Go Web App:如何从Golang将PHP脚本路由到PHP-FPM

I have one main web site and numerous small web sites. I'm currently using Nginx & PHP for all of this. My plan is to do away with both and build a single web app in Go that will serve everything, which will hopefully reduce load and memory (especially since some of the pages are very computationally heavy.)

My issue is that it would be a serious waste of time for me to try to port things like rarely used PHPBB forums to Go.

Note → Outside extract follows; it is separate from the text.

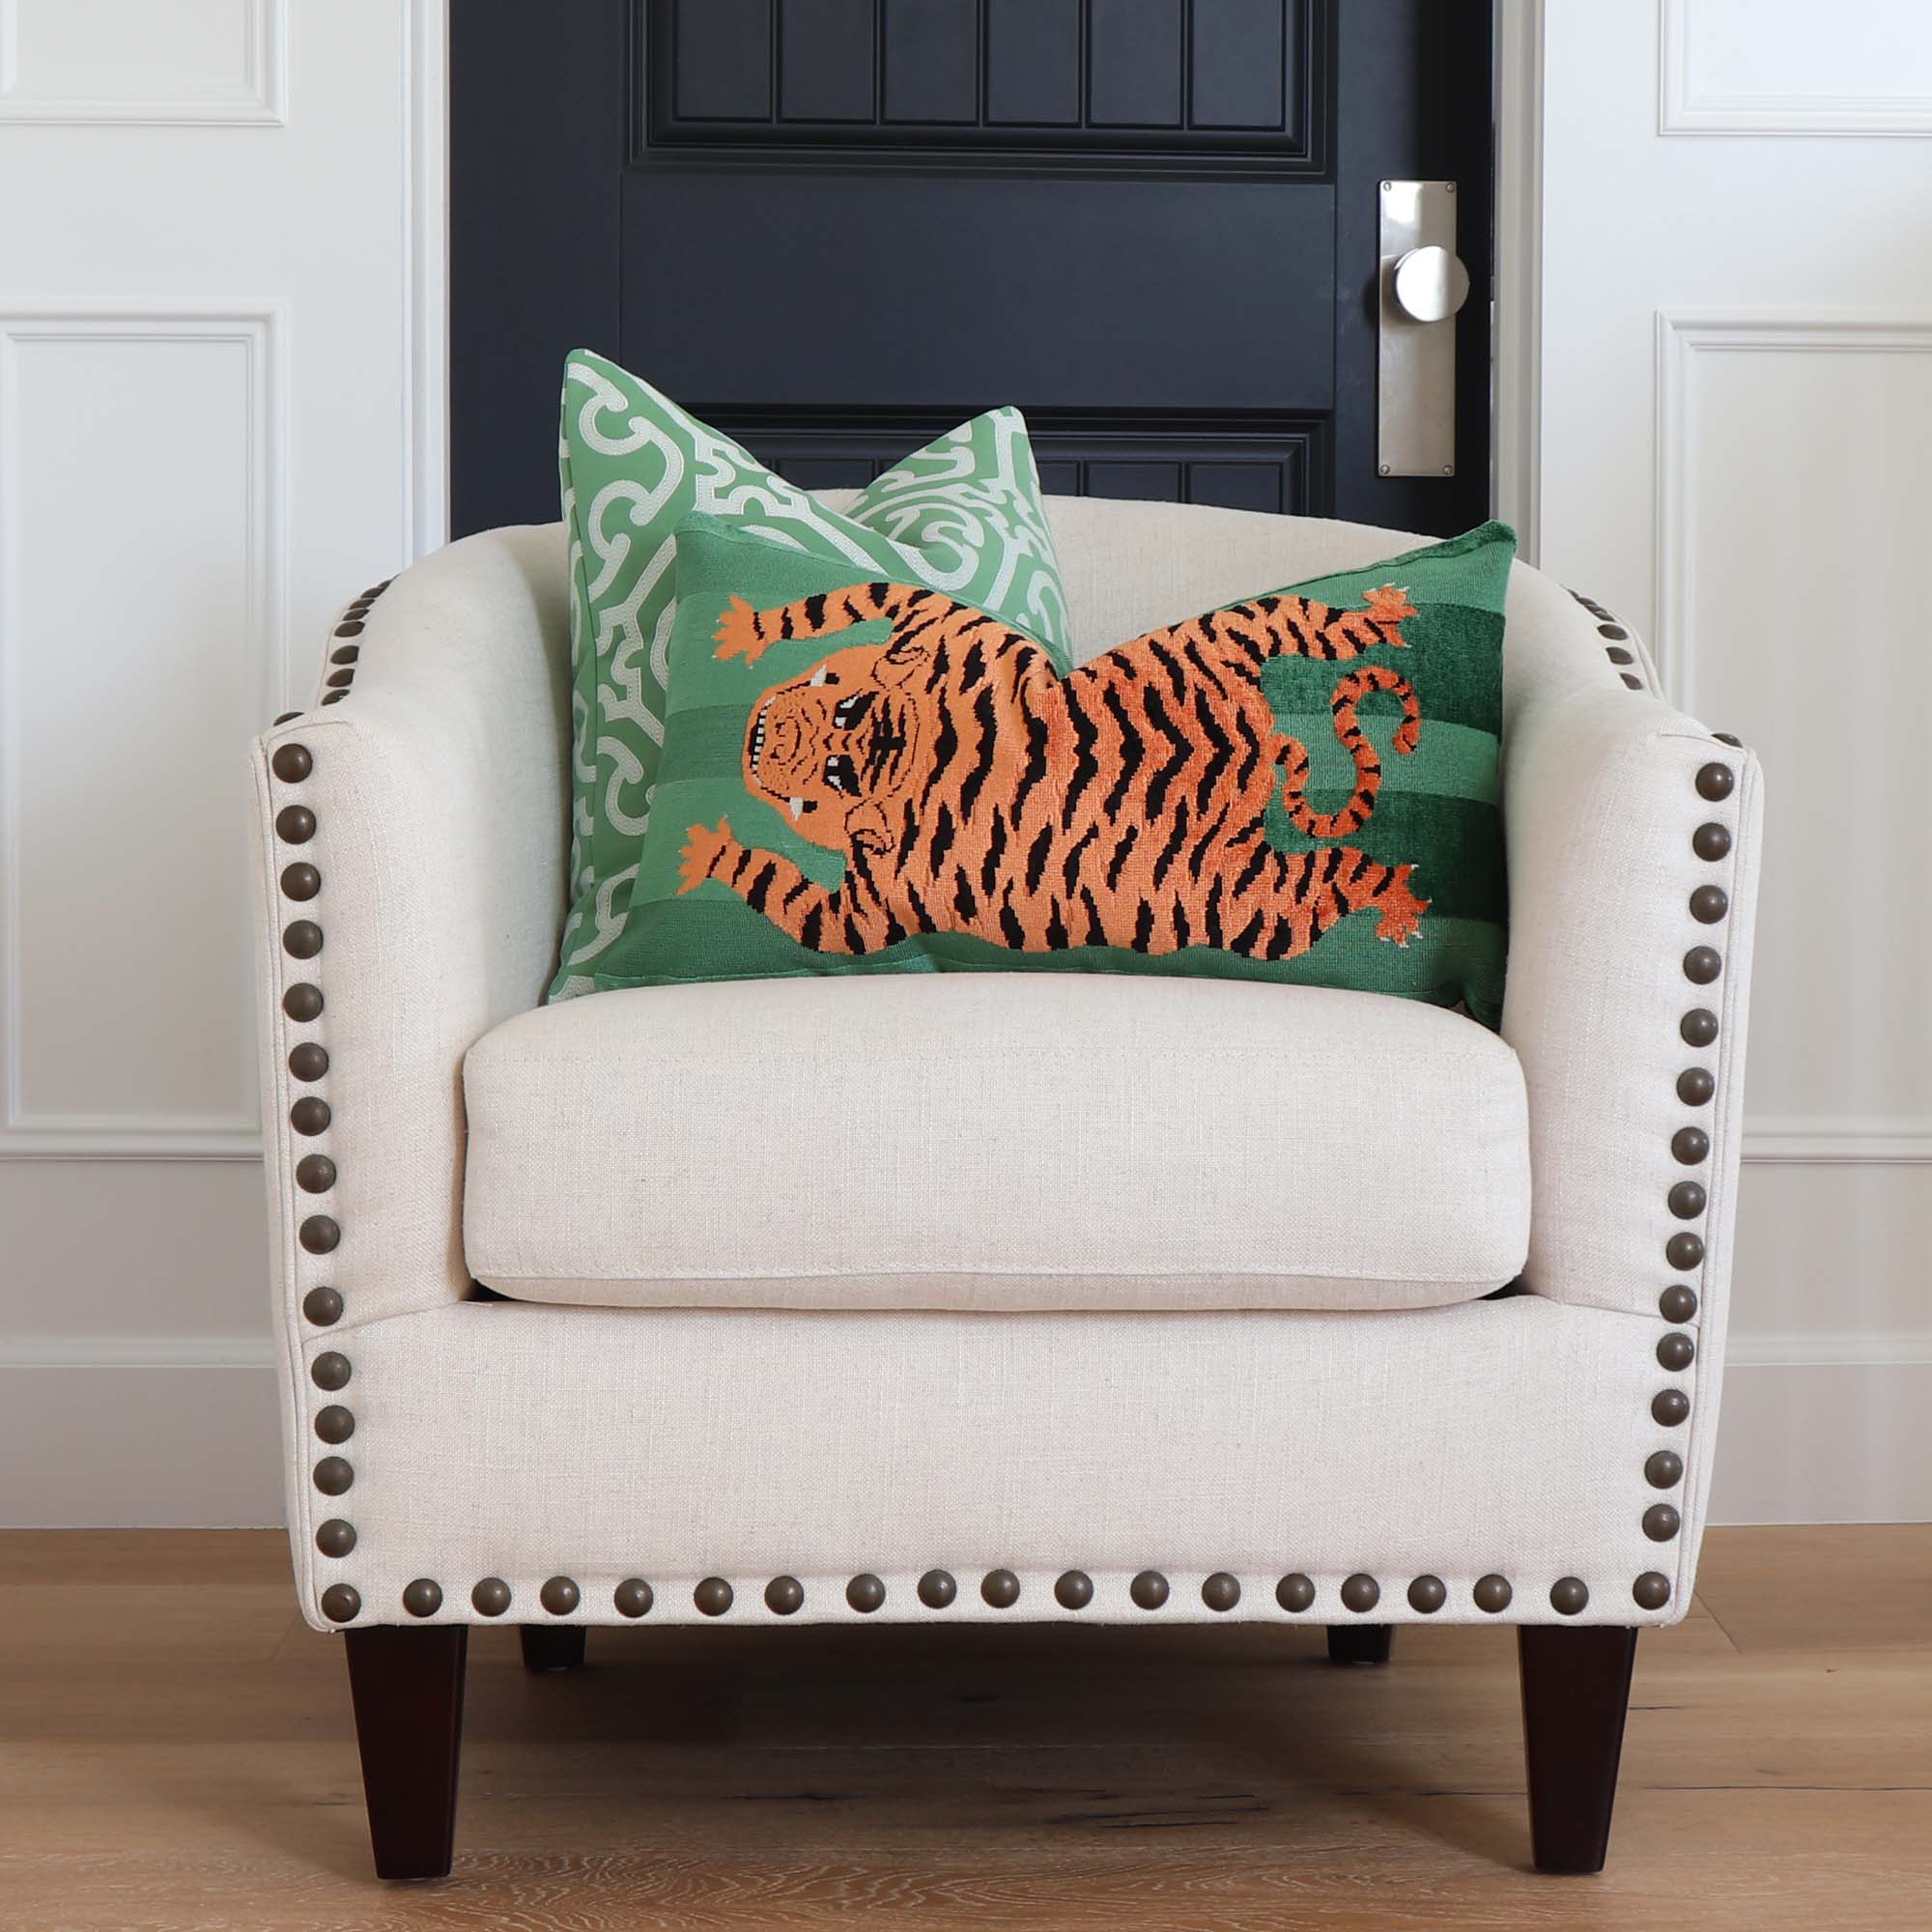 Schumacher Jokhang Tiger Velvet Green Luxury Designer Throw Pillow Cover on Accent Chair in Home

So I'd like to have the main web site all served from the Go web app, but some of the other sites can remain as PHP.

My question is: can I use the Go web app to route requests for PHP scripts to PHP-FPM?

I would like it so that I can do away with Nginx, the web app will handle all of the incoming traffic and serve the main site directly from its own code, but for less important sites that are still in PHP these can be served by the Go app routing these requests to PHP-FPM (along with all the full request info including cookies, POST vars, etc.)

Any ideas?

To redirect to another url you can use httputil.HostReverseProxy

    origin := "http://php.website.com"
    originUrl, err := url.Parse(origin)
    if err != nil {
        log.Fatal(err)
    }

    proxy := httputil.NewSingleHostReverseProxy(originUrl)
    prev := proxy.Director

    proxy.Director = func(req *http.Request) {
        prev(req)
        req.Host = originUrl.Host
    }

    http.HandleFunc("/php", proxy.ServeHTTP)

PHP-FPM is listening on an unix socket. So you can simply connect to its unix socket using the net.Dial method:

conn, err:= net.Dial("unix","", "/path/to/php-fpm.sock")

then write what you need on the resulting connection. You may use the net.Pipe method, which will require use the net package for connection handling (or hijacking those of a more classic http server).

That said, I would however advice against handling this with go: nginx is highly efficient, fast, has a low memory usage, and will do this job far better than you. What you should do (IMHO) is to port each application you want to go, then use nginx as a reverse proxy. If you're after performance, you can use unix socket for communication between nginx and apps, as it will be faster than listening on a TCP port.

I realize this is an ancient post, but here's my answer since I've had to research this for myself after running into essentially the same issue.

TL;DR I suggest proxying to Nginx via HTTP and letting it talk to PHP-FPM - not because Nginx is better or faster or shinier or whatever, but because this code path is orders of magnitude more well tested and maintained and the disadvantages are minimal.

Two obvious approaches:

A) Use Nginx and proxy request through go to PHP. This can be done with httputil as described in @fabrizioM's answer, and is essentially proxying the request via HTTP to Nginx which then converts it to FastCGI and calls PHP-FPM.

B) Use an implementation of the FastCGI protocol to call to PHP-FPM directly from Go. I haven't tried this, but there are a number of Go libraries out there which purport to do this, including:

n.b. I realize some of these probably didn't exist with the question was asked.

The first one above has 21 stars as of this writing.

IMO, while Nginx is a great webserver, there is little to gain from it over serving static files in Go. However, there is one big thing you gain by using Nginx here and it is the stability and maintenance of that FastCGI code. Clearly calling via FastCGI in Go is not an extremely popular approach, and I don't know how much I trust the implementation. On the other hand, there are bazillions of PHP devs out there who swear by Nginx+PHP-FPM and it is well tested and maintained.

There are some other nice perks when using HTTP for proxying, e.g. it's more likely to work correctly when you, during local development, forward requests from your Go process over the Internet to wherever your PHP server is. This makes it easy to hack away on your Go app without having to run a local copy of all of the PHP stuff and yet still be able to see everything functional.

So while both approaches are viable, my suggestion is to include Nginx solely because it is a much better supported code path that your requests flow through, has some practical local dev advantages and the performance loss is negligible. I think those are much stronger arguments than the "Nginx is great at serving static files" or "has low memory usage", etc. arguments.